If I use a smaller subset of the file - 50.000 lines or 500.000 lines - it finishes processing as expected. I haven't experimented with other sizes yet.
2014-08-12 00:32:43,630 WARN [Thread-448] org.apache.hadoop.mapred.LocalJobRunner - job_local1920330805_0003
java.lang.Exception: java.lang.OutOfMemoryError: GC overhead limit exceeded
at org.apache.hadoop.mapred.LocalJobRunner$Job.runTasks(LocalJobRunner.java:462)
at org.apache.hadoop.mapred.LocalJobRunner$Job.run(LocalJobRunner.java:529)
Caused by: java.lang.OutOfMemoryError: GC overhead limit exceeded
at java.util.regex.Pattern.matcher(Pattern.java:1088)
at java.lang.String.replace(String.java:2180)
at io.druid.data.input.MapBasedRow.getFloatMetric(MapBasedRow.java:106)
at io.druid.segment.incremental.SpatialDimensionRowFormatter$5.getFloatMetric(SpatialDimensionRowFormatter.java:156)
at io.druid.segment.incremental.SpatialDimensionRowFormatter$5.getFloatMetric(SpatialDimensionRowFormatter.java:156)
at io.druid.segment.incremental.IncrementalIndex$1$2.get(IncrementalIndex.java:237)
at io.druid.query.aggregation.LongSumAggregator.aggregate(LongSumAggregator.java:60)
at io.druid.segment.incremental.IncrementalIndex.add(IncrementalIndex.java:367)
at io.druid.segment.incremental.IncrementalIndex.add(IncrementalIndex.java:141)
at io.druid.indexer.IndexGeneratorJob$IndexGeneratorReducer.reduce(IndexGeneratorJob.java:303)
at io.druid.indexer.IndexGeneratorJob$IndexGeneratorReducer.reduce(IndexGeneratorJob.java:253)
at org.apache.hadoop.mapreduce.Reducer.run(Reducer.java:171)
at org.apache.hadoop.mapred.ReduceTask.runNewReducer(ReduceTask.java:627)
at org.apache.hadoop.mapred.ReduceTask.run(ReduceTask.java:389)

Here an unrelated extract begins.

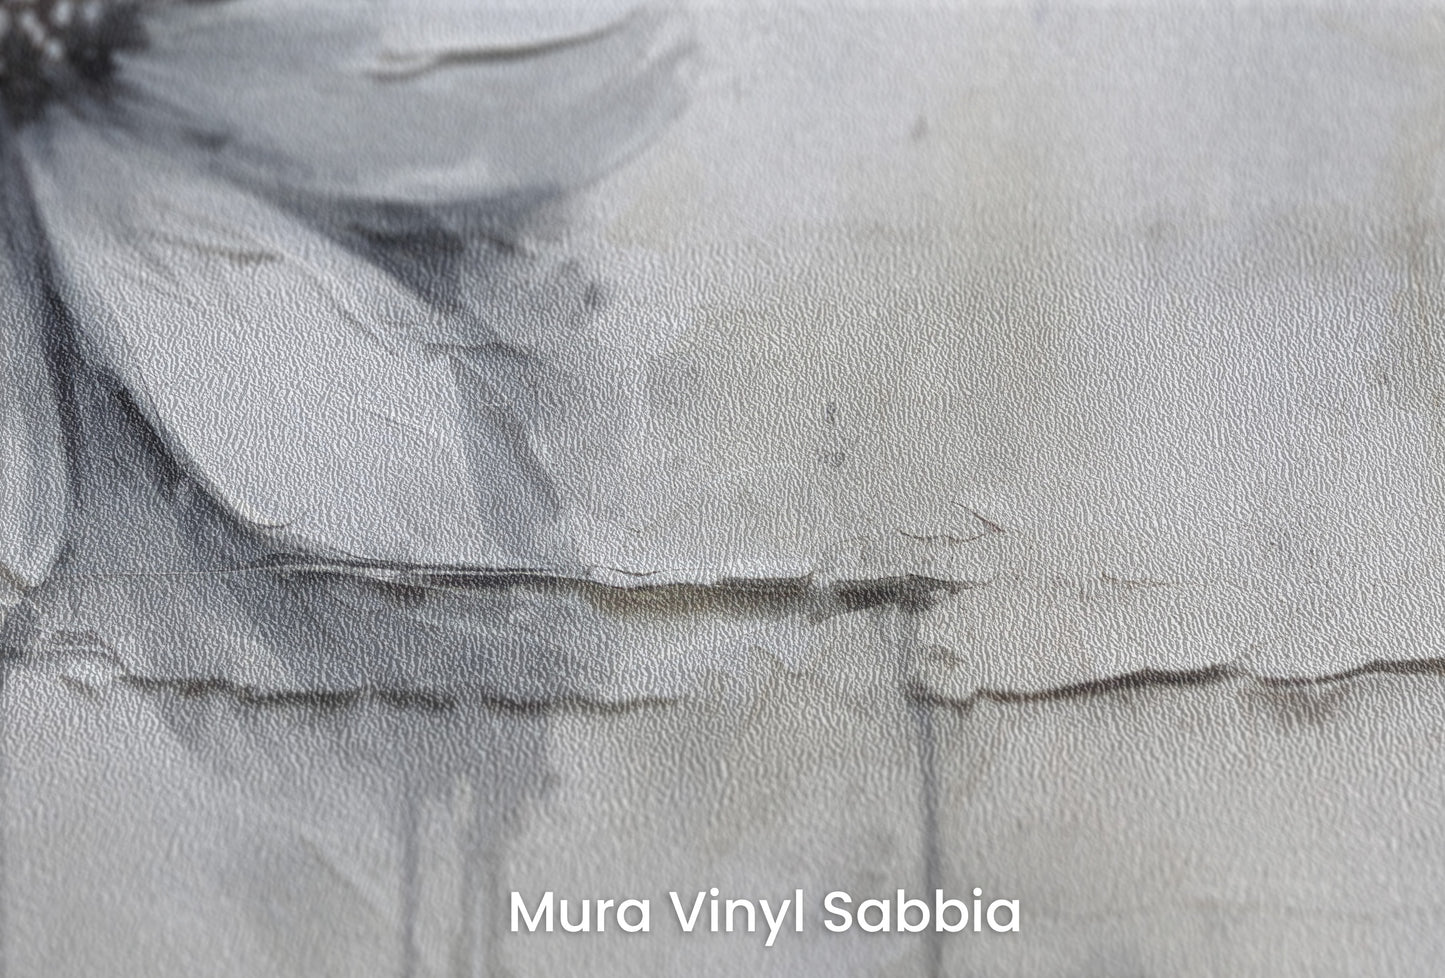 Zbliżenie na artystyczną fototapetę o nazwie SILVER BLOSSOM ABSTRACT na podłożu Mura Vinyl Sabbia struktura grubego ziarna piasku.

at org.apache.hadoop.mapred.LocalJobRunner$Job$ReduceTaskRunnable.run(LocalJobRunner.java:319)
at java.util.concurrent.Executors$RunnableAdapter.call(Executors.java:471)
at java.util.concurrent.FutureTask.run(FutureTask.java:262)
at java.util.concurrent.ThreadPoolExecutor.runWorker(ThreadPoolExecutor.java:1145)
at java.util.concurrent.ThreadPoolExecutor$Worker.run(ThreadPoolExecutor.java:615)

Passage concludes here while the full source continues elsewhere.